Surrogacy for Gay Parents: A Surrogate's Perspective
Three years ago I did something not every surrogate is willing to do, I chose to match with gay parents to help them have a baby, and I did so purposefully. When I decided to become a surrogate the first time, nine years ago, it occurred to me that the profound desire to have a child transcended categories of sexuality, gender, ethnicity and cultures. The surrogacy matching process is a uniquely person process based on compatibility of many variables, but amongst these variables is a surrogate’s comfort level with alternative parents. Because I have chosen to share openly about being a surrogate I am asked many questions from curious people, and sooner or later the conversation turns to “Why couldn’t they carry their own baby?” While two dads bring to the table everything a child could possibly need to thrive outside of the womb, including a loving home, unending support, patience, kindness, stability, and the knowledge and wisdom of their own lives, they do not have a womb between the two of them to gestate the child they so deeply desire. So that is where I came into the picture. Here is what I have loved the most about helping gay parents grow their family.
- The joy and hope they bring to the table. While an Intended Mother who has experienced infertility, failed IVF attempts, pregnancy losses and a whole world of heartache often before embarking on a surrogacy journey, my gay dads were a clean slate in this regard. They entered into the surrogacy full of positivity and enthusiasm, and as a surrogate it is incredibly uplifting to share in that energy. While it can be extremely rewarding to help a couple who has suffered emotional wounds to heal through the birth of their child, in my experience there is less emotional baggage overall with gay parents because there is less guilt surrounding their need for help.
- They were unbelievably supportive in their own relationships and in the relationships with their surrogates. They chose their partner knowing someday they would need help with having children if they mutually decided upon this. For many people choosing a mate is based on procreation, but when traditional means of procreation are off the table, the relationships I have witnessed are very special. My gay parents were polar opposites, one was a farmer and the other was a brain surgeon, and yet they were the perfect balances to each other: true partners in every sense. Their supportive loving relationship with each other translated to a very supportive relationship with me as their surrogate, and extended to support of my family because this is a family process.
- The sense of humor we all shared. Again, without guilt, without baggage, and motivated by pure joy we were able to laugh together more times than I can count. The couple that I helped had an one child already through surrogacy and I carried their second child, so they sent me pictures of their oldest child often. I still remember receiving a picture of their two year old boy dress in a full suit, tie, cap and all. The text message read, “Does this outfit scream ‘My dads are gay!’?” This became a running joke throughout our pregnancy, sharing pictures of the most sharp looking baby outfits we could find and asking that question. We shared in so many laughs, and I’d like to think all of that laughter during the pregnancy is why their little boy is such a happy child now because he received that wonderful energy through the womb.
- Sharing the birth with my two dads. When I gave birth it was quite literally “Three men and a baby”. With my husband present and both dads and our wonderful doula we had an incredible birth experience. I have never felt as much love in one room as I did on that day. When a surrogate delivers for two dads the delivery has a different dynamic. While most Intended Moms would want to hold their baby immediately, and understandably so, this was a different experience. As soon as their sweet boy was born he went immediately onto one dad’s chest, but only for a moment. I was completely taken by surprise when he then placed the baby on me next so he could wrap his arms around us both as we cried the most joyful tears of his safe arrival. I didn’t feel like I was just a surrogate that day, I felt like a part of their family in a very unique way.

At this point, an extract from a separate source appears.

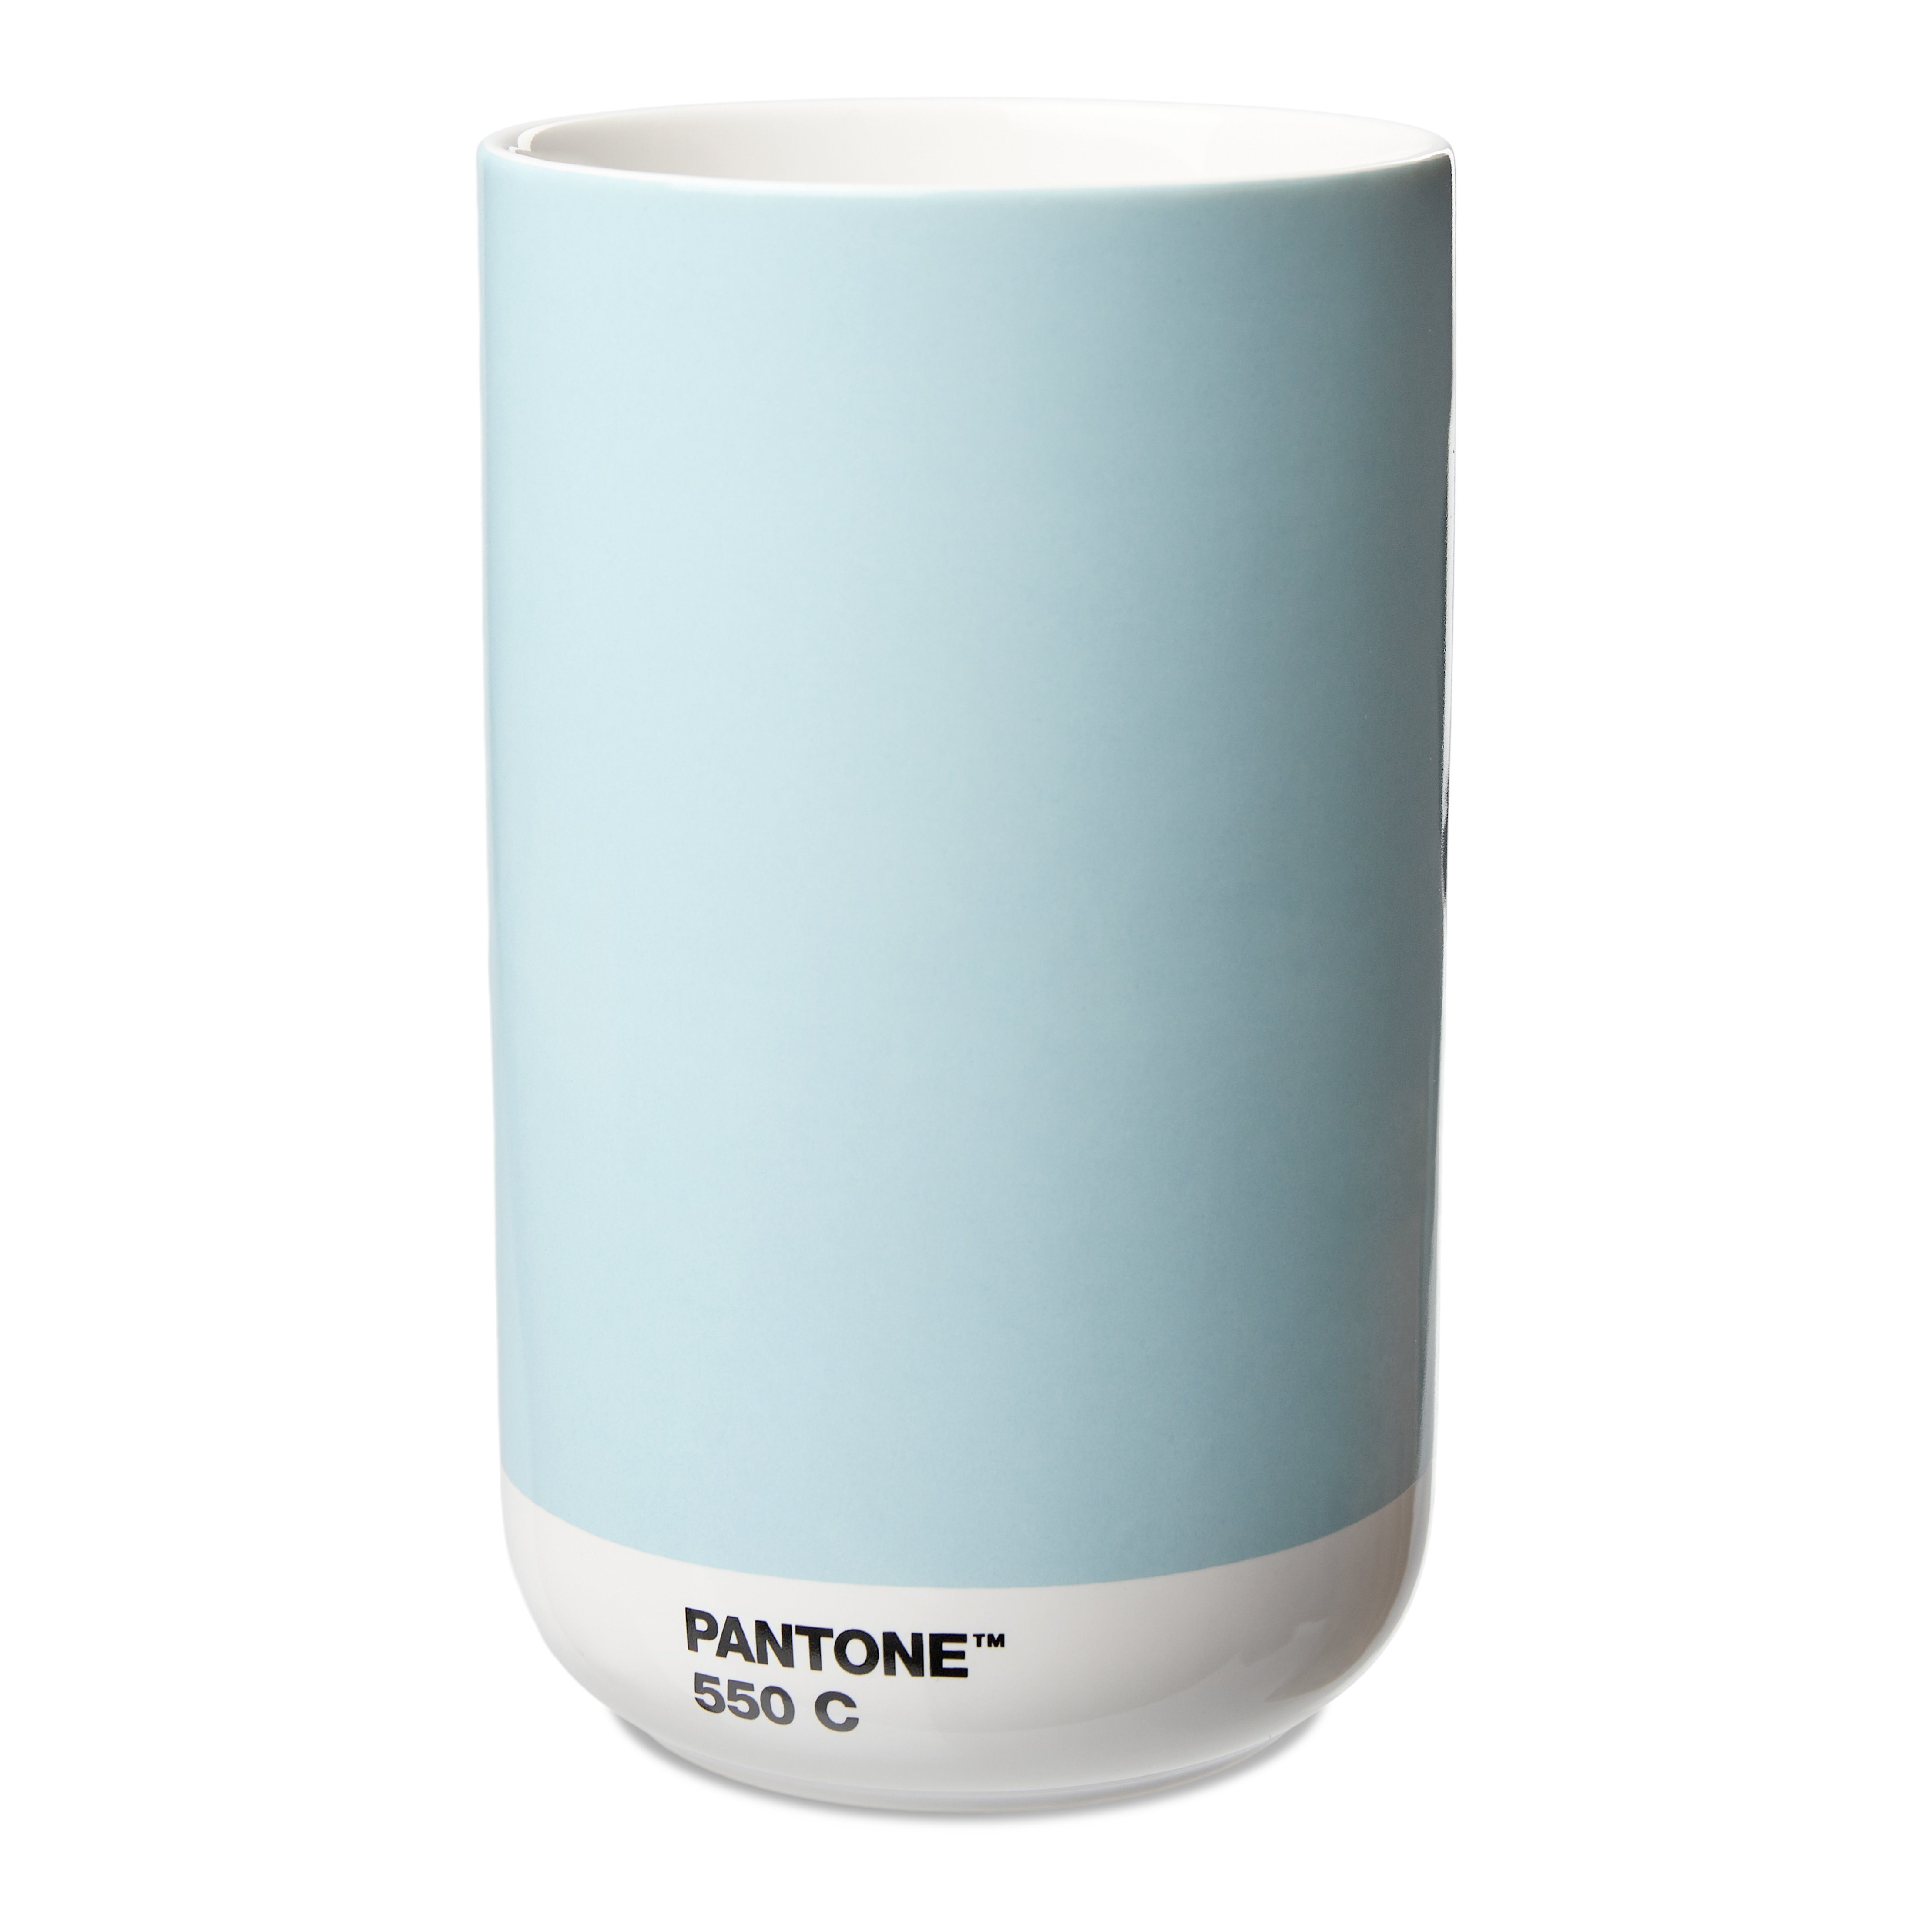 PANTONE Dekovase Mini Porzellan Vase, in Geschenkbox, 500ml Light Blue 550C

- Least important, but also very sweet were the gifts they brought me and my family. I love my husband more than anything, but his taste in jewelry is that of most heterosexual men. I will never forget the beautiful necklace my Intended Dads brought me, they had exquisite taste. They paid attention to the small details that men generally miss, like whether they noticed me wearing white or yellow gold, big statements pieces, or small subtle charms, and they chose a gift for me that I will cherish forever. I love it because I know how much thought they put into choosing it, so when I look at it I see all of the love and thought they put into supporting me during our journey.
- Open ongoing communication. It was apparent to my Intended Dads that their children were going to have some questions as they grew up about how they were born. They made the choice to be very open, and to have ongoing communication with their surrogates. Both myself and their first surrogate have seen the children since the birth, and we get lots of pictures and updates. We get the honor of seeing all of that pure joy that these incredible parents brought to the table when we first met them, now illuminating the lives of their two beautiful boys.
So I chose to help gay parents and it was absolutely the right choice for me and my family. I observed as the hearts and minds of people around me who witnessed my journey opened. This loving family just happened to come in a different shape than some, but they had everything a traditional family would have to offer a child. I look at the extraordinary lives these children have with so much love around them, and I never worry for a moment what the future holds for them.